MERCURY RISING (1998)
Rating: 2.0 stars (out of 4.0) ******************************** Key to rating system: 2.0 stars - Debatable 2.5 stars - Some people may like it 3.0 stars - I liked it 3.5 stars - I am biased in favor of the movie 4.0 stars - I felt the movie's impact personally or it stood out ********************************* A Movie Review by David Sunga
Directed by: Harold Becker
Written by: Ryne Douglas Pearson, Lawrence Konner, and Mark Rosenthal (from a novel by Ryne Douglas Pearson)
Starring: Bruce Willis, Miko Hughes, Alec Baldwin, Kim Dickens
Ingredients: Autistic kid, disgraced FBI agent looking for redemption
Synopsis: A nine-year-old Chicago autistic boy named Simon (Miko Hughes) accidentally breaks a top secret government code that was placed in a dime store puzzle book. The problem is that Lt. Colonel Kudrow (Alec Baldwin) of the National Security Agency has a lot of money invested in the code. Kudrow reasons that if the kid can crack the code, then he's a security hazard that must be terminated. Soon Kudrow's hired assassin wipes out Simon's hapless parents.

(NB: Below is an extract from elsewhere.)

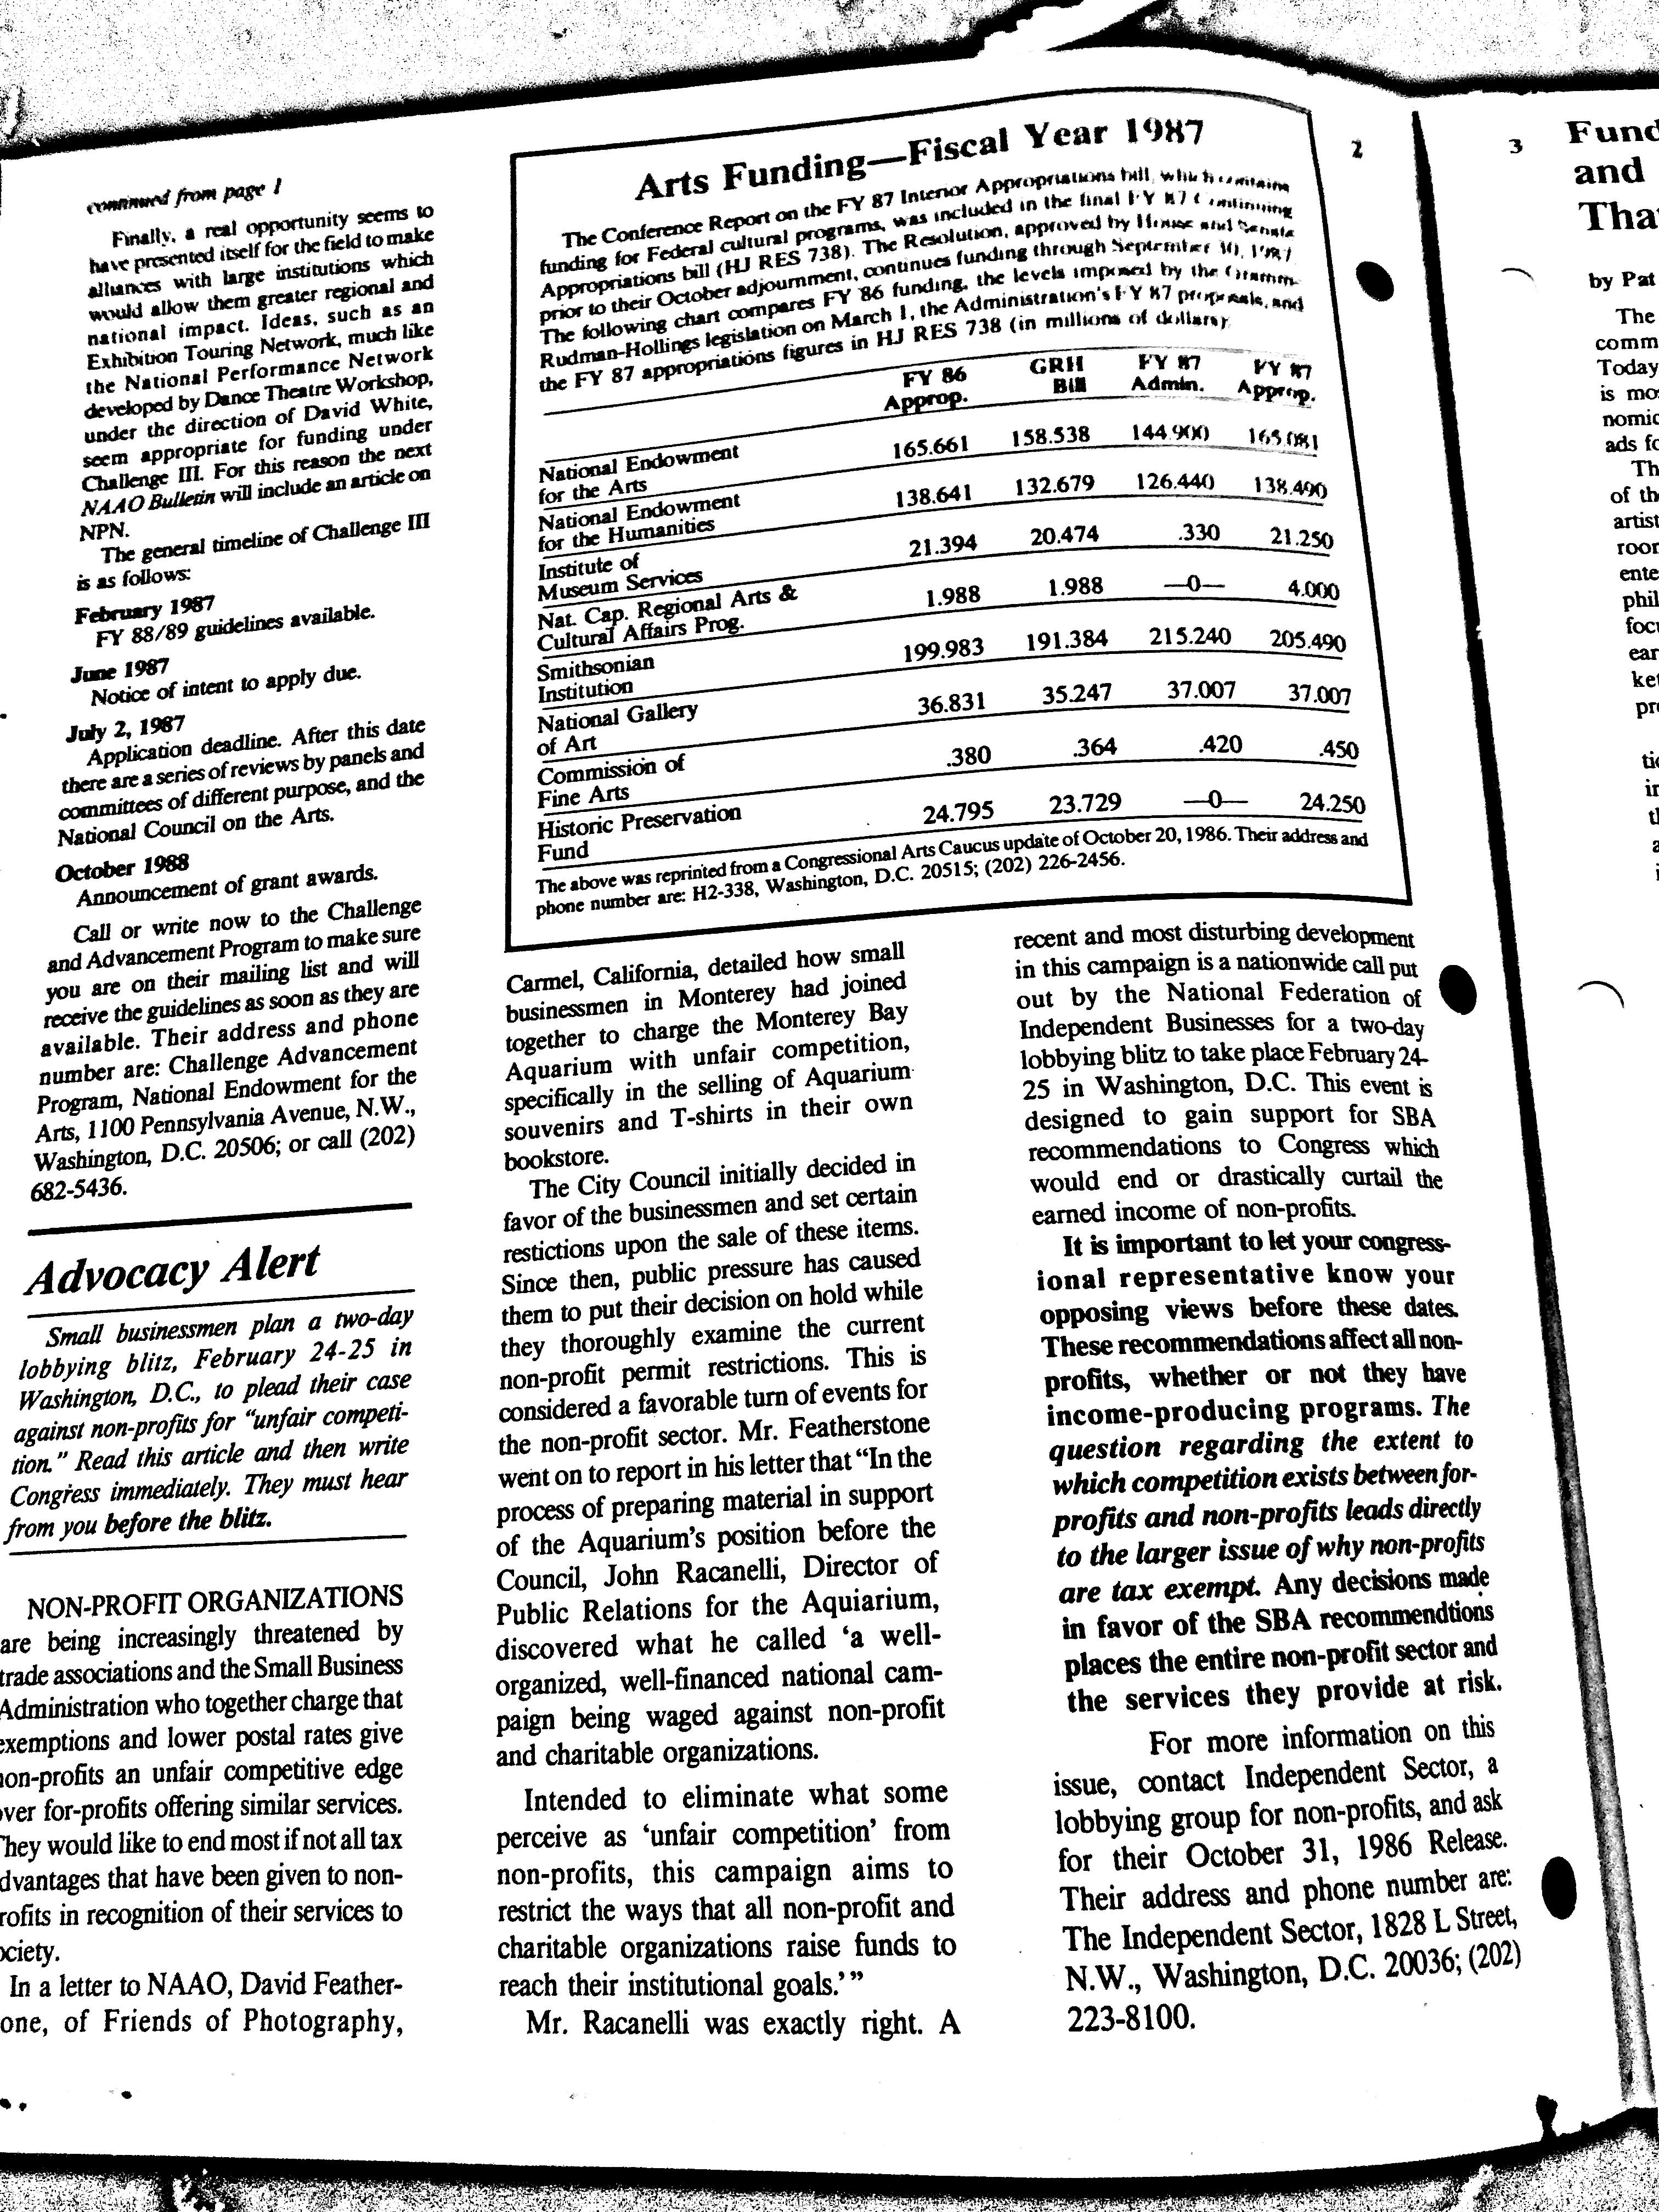 November-December 1986 - NAAO Bulletin Page 2 (1).jpg

Meanwhile down-in-the-dumps outcast FBI agent Art Jeffries (Bruce Willis) is assigned to find Simon. He finds Simon and then, while on the run, must figure out who's trying to murder the boy and why. In the process, he bonds with Simon.
Opinion: The premise of MERCURY RISING sounds promising. After all, what audience can resist feeling for a handicapped kid in trouble, hounded by sinister, big bad government forces? Unfortunately MERCURY RISING suffers from two major movie turnoffs: a passive hero and a contrived plot.
Ideally in a movie you want a hero to be actively searching for clues or nosing around for ways to conquer or circumvent a terrible dilemma. But Art Jeffries - - the FBI hero of this story - - doesn't do this. He gets chased and finds he can't trace the killer. Then he basically hangs out and doesn't know what to do until the end of the movie, when an NSA girl contacts him.
The plot? It leaves you asking questions such as "How did the dead guy with a bullet in his brain manage get up and dial 9-1-1? And why would a beautiful single woman wake up and willingly open her apartment at 2:00 AM to a strange man? And if the nerds knew the bad guy was a killer, why did they just sit there and wait for the killer to kill them?" The actions seem contrived.
On the other hand, the dramatic strategy behind MERCURY RISING is to develop audience sympathy for the autistic kid and the disgraced FBI hero and then give us a happy ending for them. MERCURY RISING does this.